– Оставьте меня, – попросил Аркадий Сомов. – Все одно пропадать, а германцы, может, лечение дадут.
– Я тебе дам лечение! – пригрозил батальонный комиссар с пистолетом на изготовку. – Шагай и не вздумай сесть.
Комиссара испугался. Тот был дурной от контузии, усталости, помешан на партийных уставах и уже застрелил двоих перебежчиков. Зашагал дальше через силу, прочистились от быстрой ходьбы кишки, а обувку нашел у мертвого красноармейца.
Позже дела Аркадия наладились, но по глупости угодил под трибунал за кражу военного имущества, околачивался, как всегда, сбоку, а отхватил пять лет тюрьмы с заменой на штрафную роту. С помощью земляка Глухова неплохо пристроился, снова погорел, но сегодняшнюю ночь спал спокойно. Срок пребывания заканчивался, а Максим Луговой утверждал, что на Октябрьскую всех амнистируют.
Засыпал-то почти весело, а вот пробуждение оказалось тяжким. Как будто весь свет сошел с ума, стреляли со всех сторон. Едва не под ухом лязгали автоматные затворы, выбрасывая светящиеся снопы пуль. Одной достаточно, чтобы проткнуть тебя, как спицей, а здесь летели сотни раскаленных спиц. Аркадий прикончил вторую обойму, сделал шаг в сторону, нога увязла в мягком человеческом теле. Раненый забормотал, испуганно дернулся.
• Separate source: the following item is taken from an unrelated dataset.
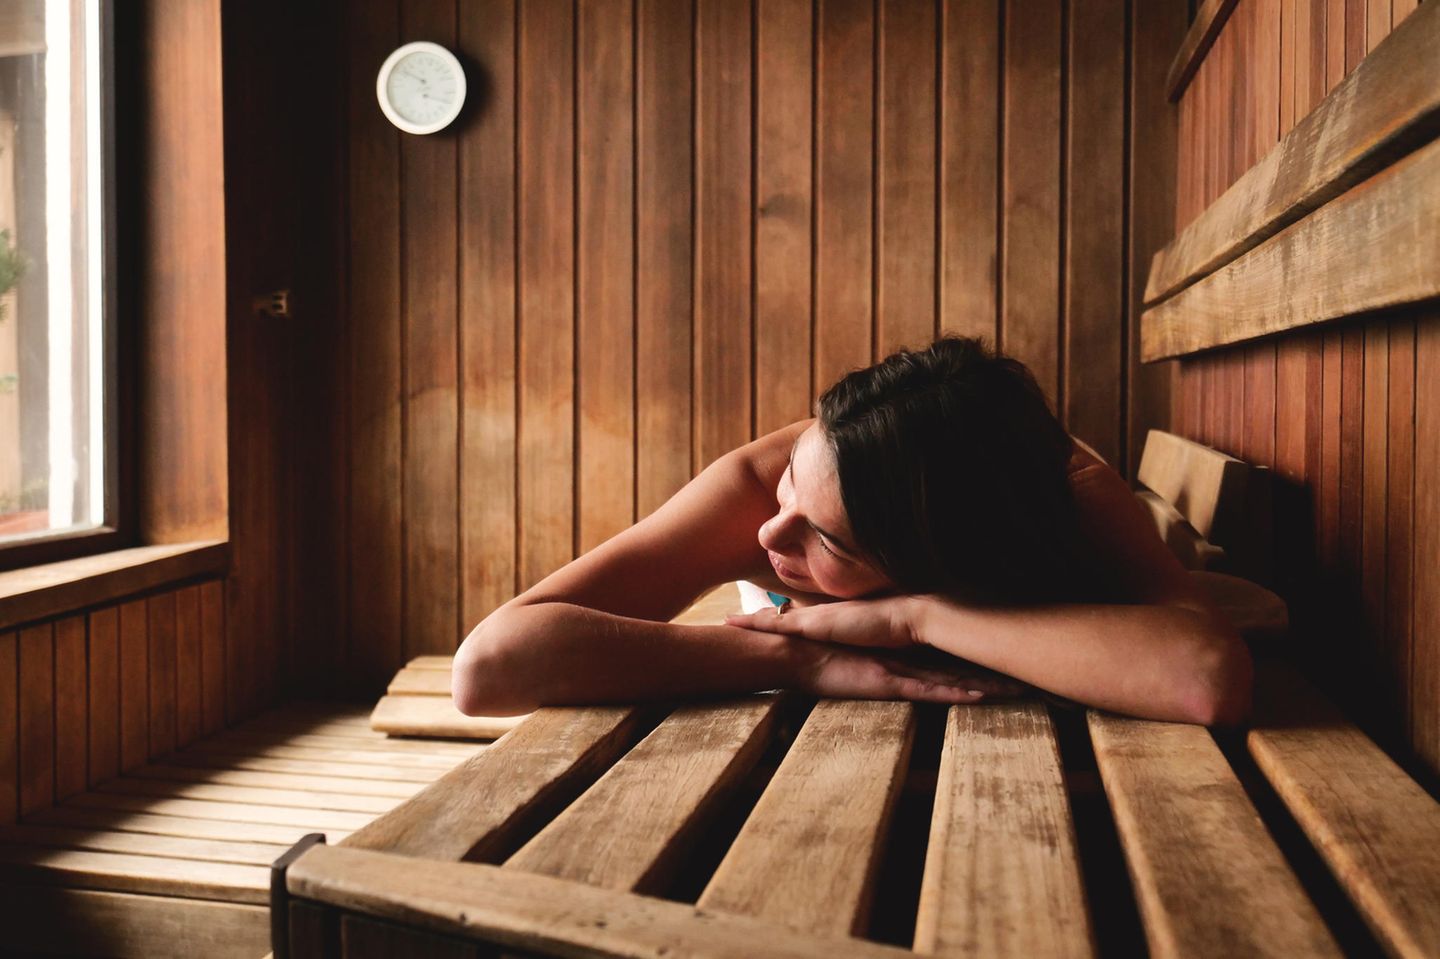 Nackt in der Sauna: Frau sauniert im Liegen

– Свои, – отозвался Сомов.
Затем он услышал голос лейтенанта Колчина, тот шел навстречу с «наганом» в левой руке, правую прижимал к груди. Он с ходу возглавил уцелевших людей и потеснил немцев вдоль траншеи.
– Ищите гранаты, – командовал Федор Колчин. – В нишах должны лежать.
Пулеметчик прекратил стрельбу и доложил, что закончились диски.
– Черт с ними. Давай гранаты.
Колчин хоть и считался слабоватым взводным (а может, его Воронков так считал?), но людей подготовил неплохо. По крайней мере гранаты летели в цель и почти все взрывались. Уцелевшие враги отступали к блиндажу, оказавшись между двух огней.
– Макся, – позвал Колчин сержанта Лугового. – Возьмите с Аркашкой штук по шесть гранат и прикончите их сверху. Из блиндажа вам помогут. Там ребята держатся, жару дают…
– Есть, – поспешил ответить Луговой. – А где гранаты?
– В заднице! Под ногами у тебя валяются. Вон ящик в нише стоит.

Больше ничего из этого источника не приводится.